- Reference style: The Right Reverend
- Spoken style: My Lord
- Religious style: Bishop

= John Carroll (bishop of Shrewsbury) =

John Carroll (16 March 1838 – 14 January 1897) was an Irish-born prelate of the Roman Catholic Church. He served as the Bishop of Shrewsbury from 1895 to 1897.

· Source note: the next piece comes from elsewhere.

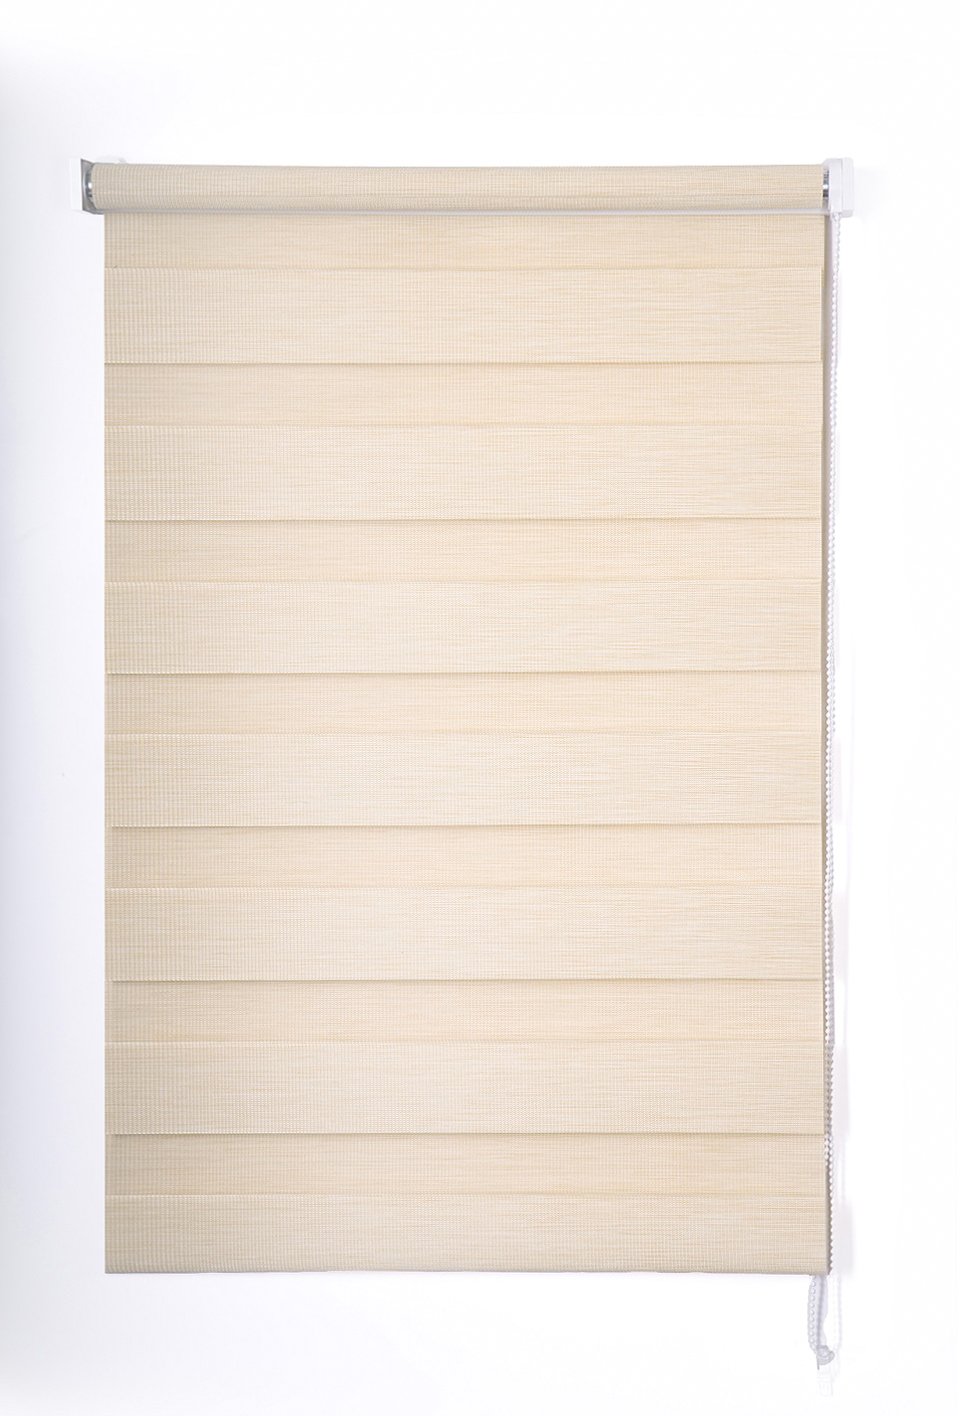 Klasikinė ritininė užuolaida VERONA D&N, smėlio sp., 120 x 170 cm, 100 % poliesteris

Born in Castleblaney, County Monaghan on 16 March 1838, his family moved to Liverpool in England. He was educated in the Catholic Middle School, and studied for the priesthood at Ushaw and Bruges he was ordained to the priesthood on 22 December 1861. He was appointed Coadjutor Bishop of Shrewsbury and Titular Bishop of Acmonia on 22 August 1893. His consecration to the Episcopate took place on 28 October 1893, the principal consecrator was Cardinal Herbert Vaughan, Archbishop of Westminster, and the principal co-consecrators were William Gordon, Bishop of Leeds, and John Bilsborrow, Bishop of Salford. On the death of Edmund Knight, he automatically succeeded as the Bishop of Shrewsbury on 11 May 1895.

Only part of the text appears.